►
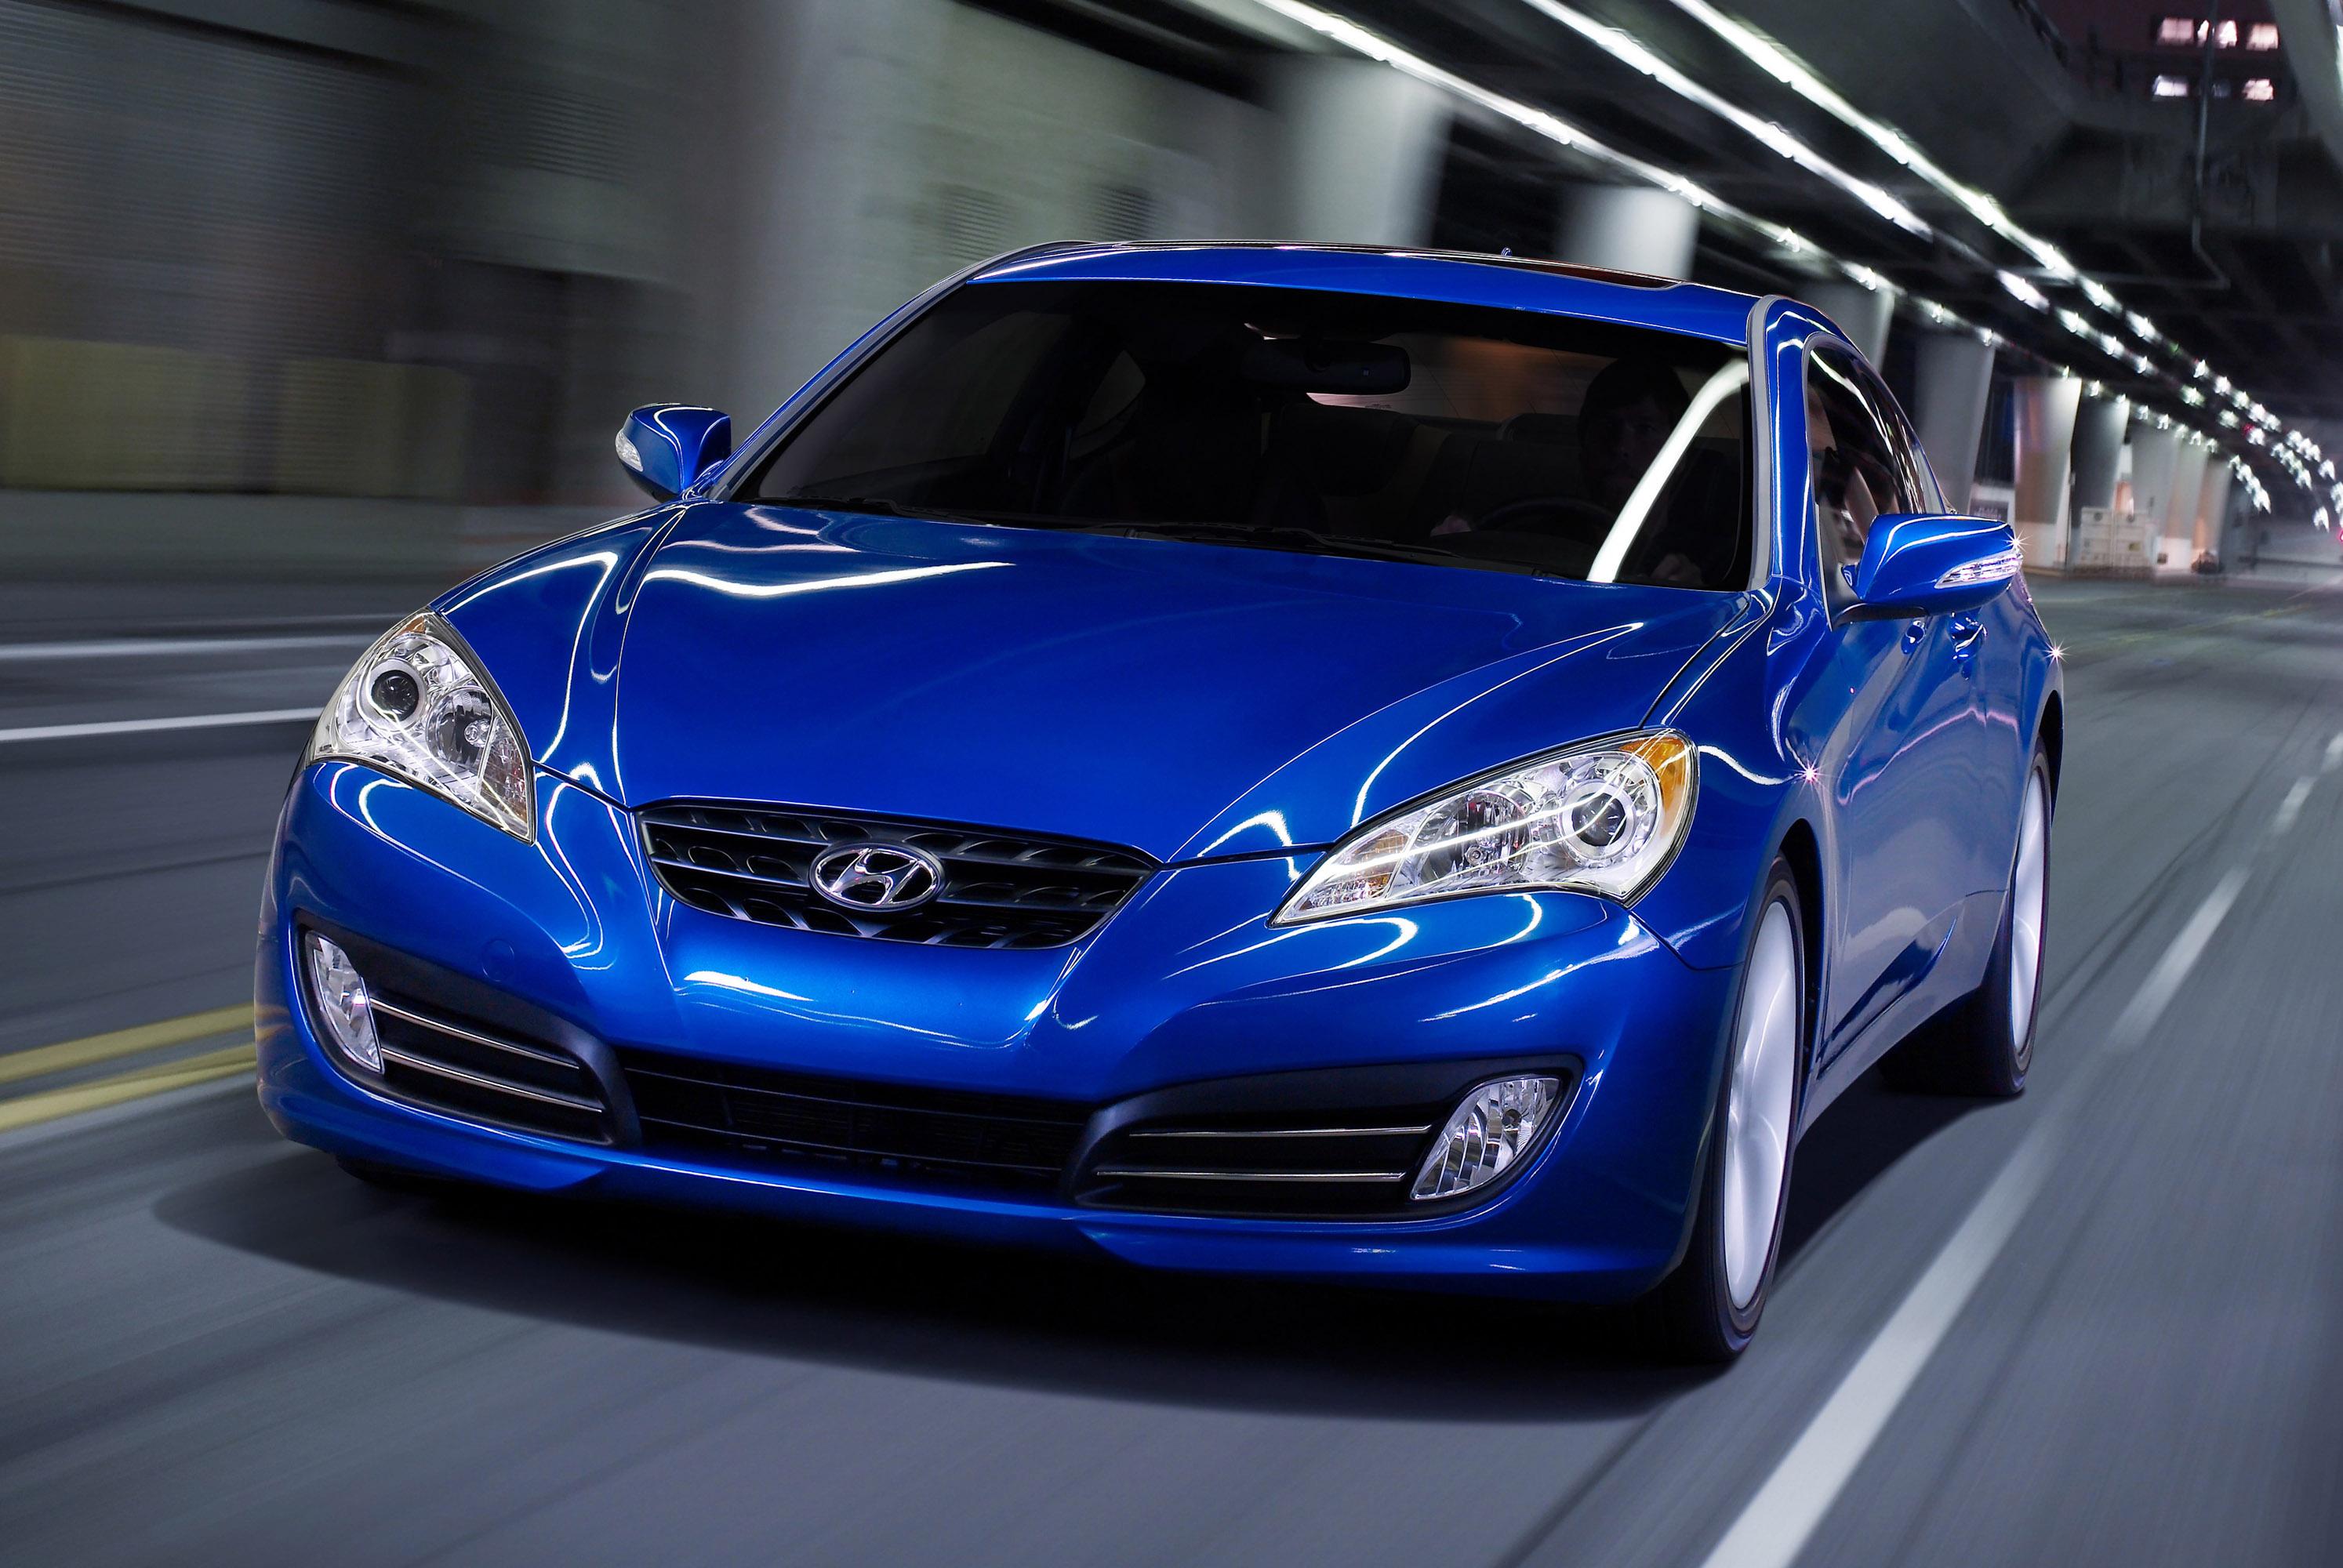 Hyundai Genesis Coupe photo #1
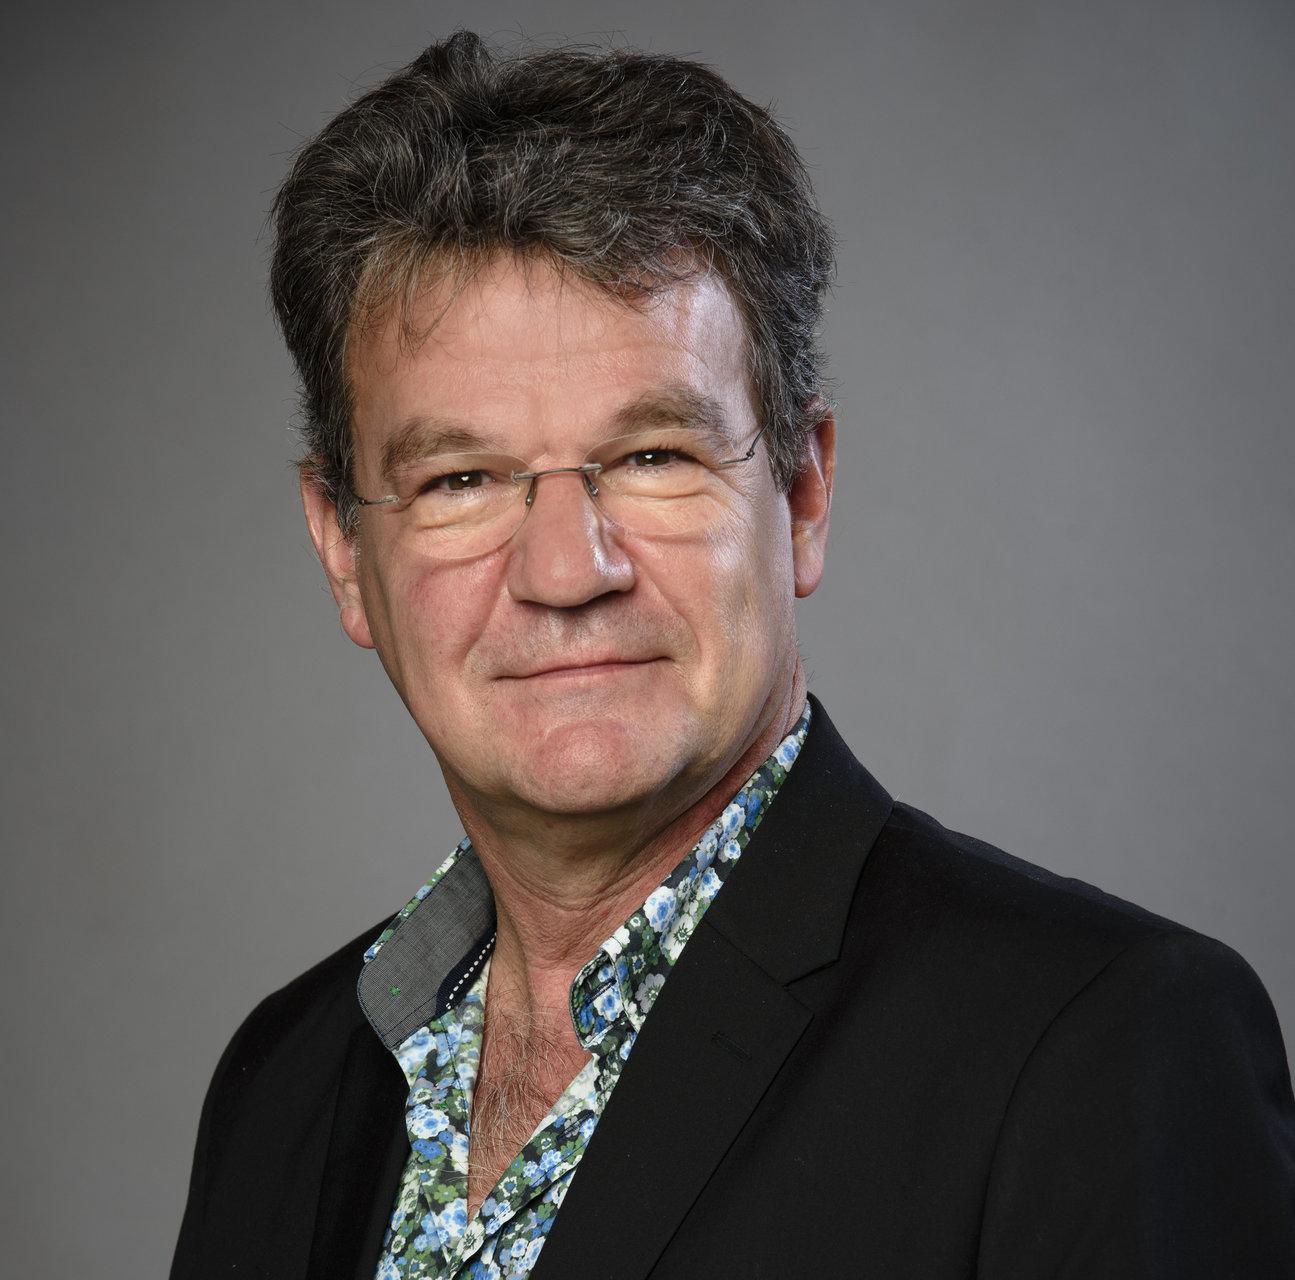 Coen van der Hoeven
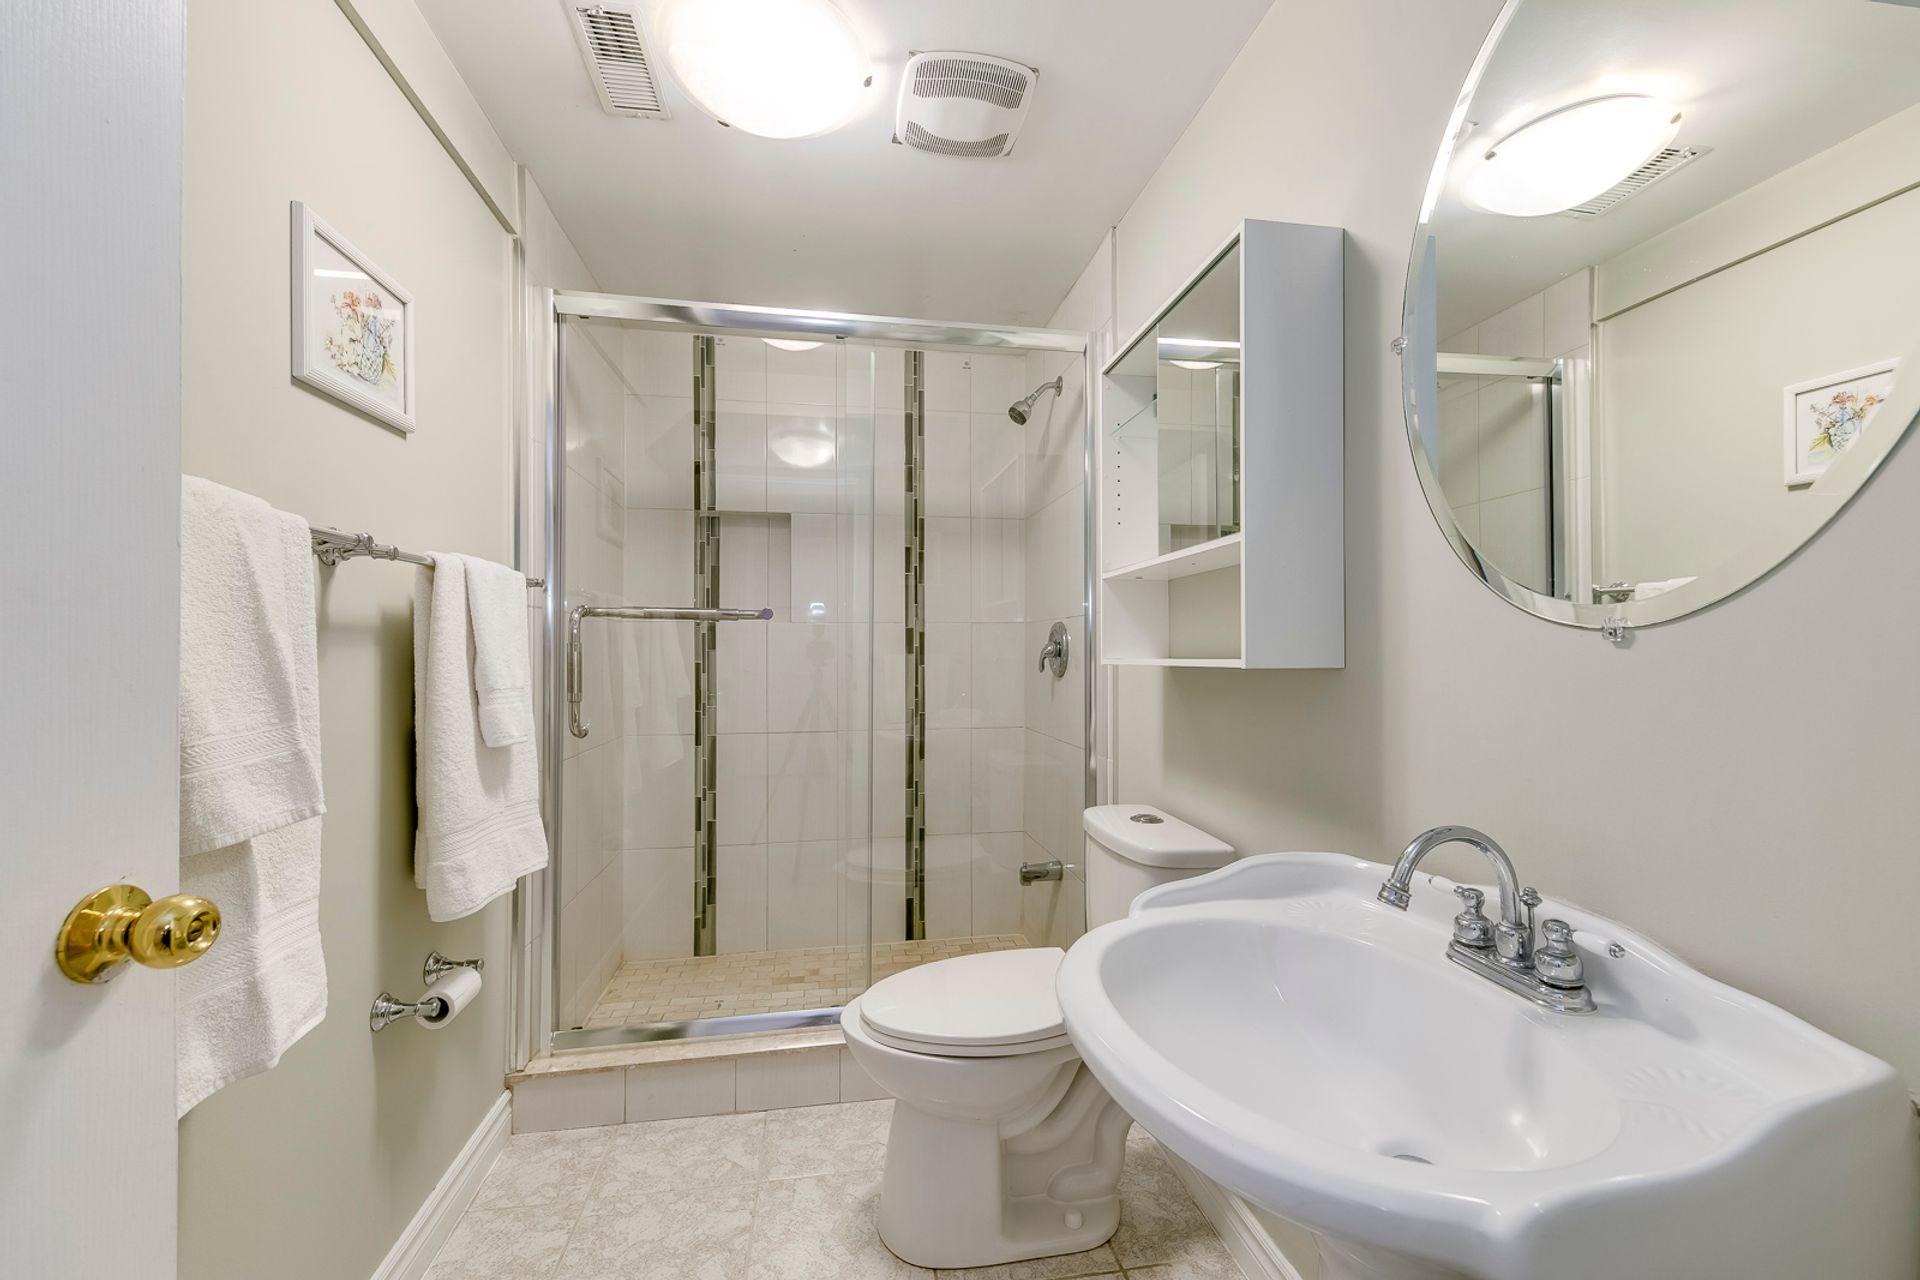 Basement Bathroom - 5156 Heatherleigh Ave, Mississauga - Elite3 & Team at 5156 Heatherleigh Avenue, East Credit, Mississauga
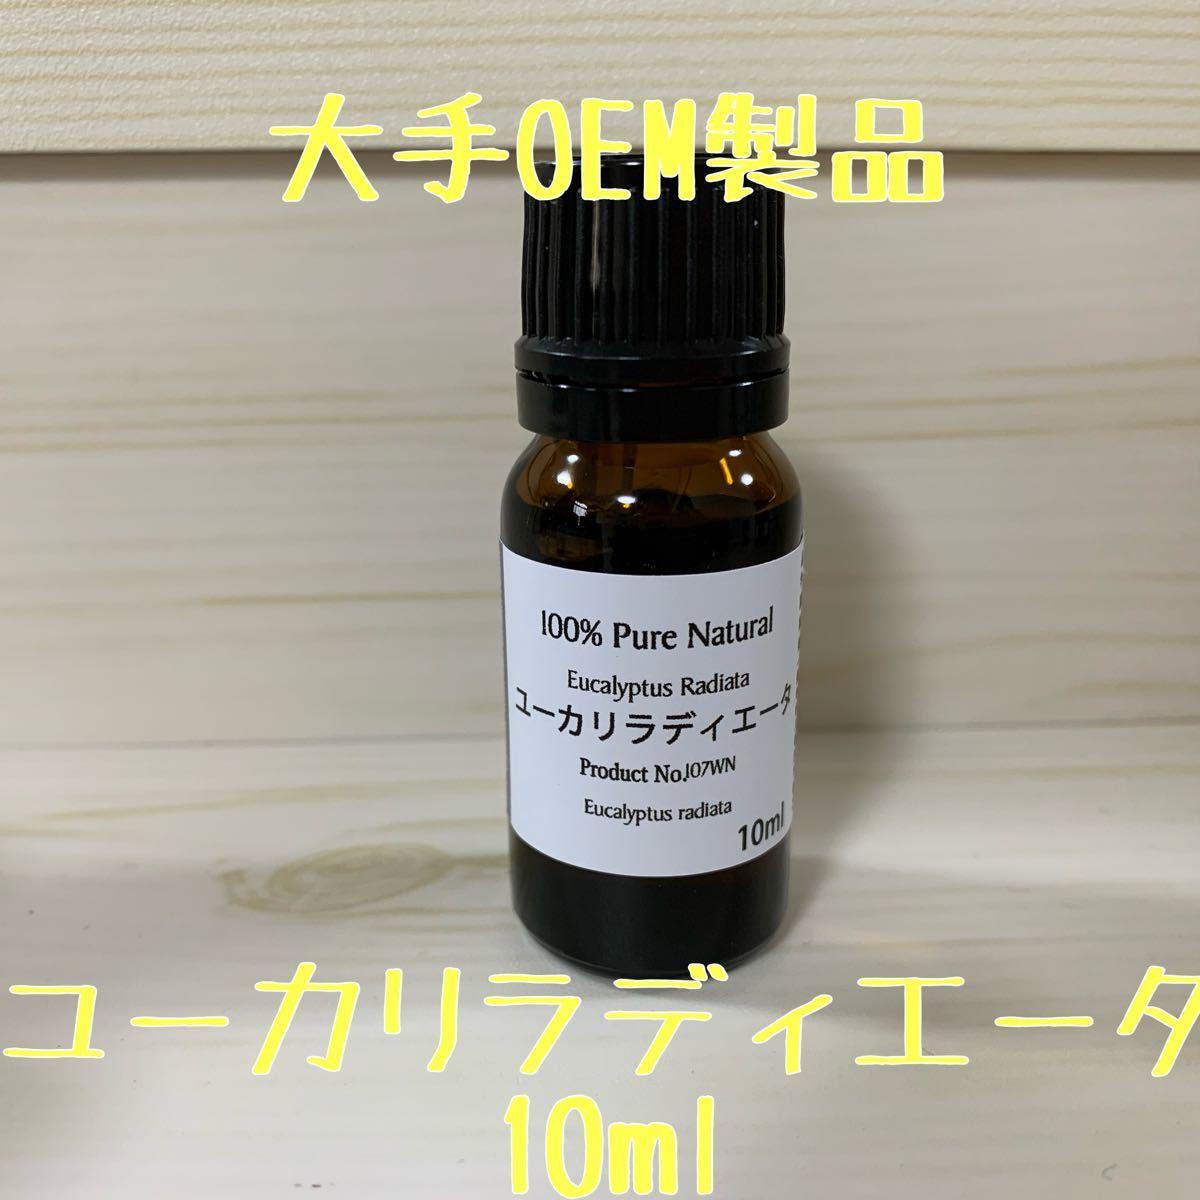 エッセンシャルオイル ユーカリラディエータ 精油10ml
◄
- _What you will do_
No picture belongs in the copy; return the rest of the listing exactly.

- _Solution below_
 Hyundai Genesis Coupe photo #1
 Coen van der Hoeven
 Basement Bathroom - 5156 Heatherleigh Ave, Mississauga - Elite3 & Team at 5156 Heatherleigh Avenue, East Credit, Mississauga
 エッセンシャルオイル ユーカリラディエータ 精油10ml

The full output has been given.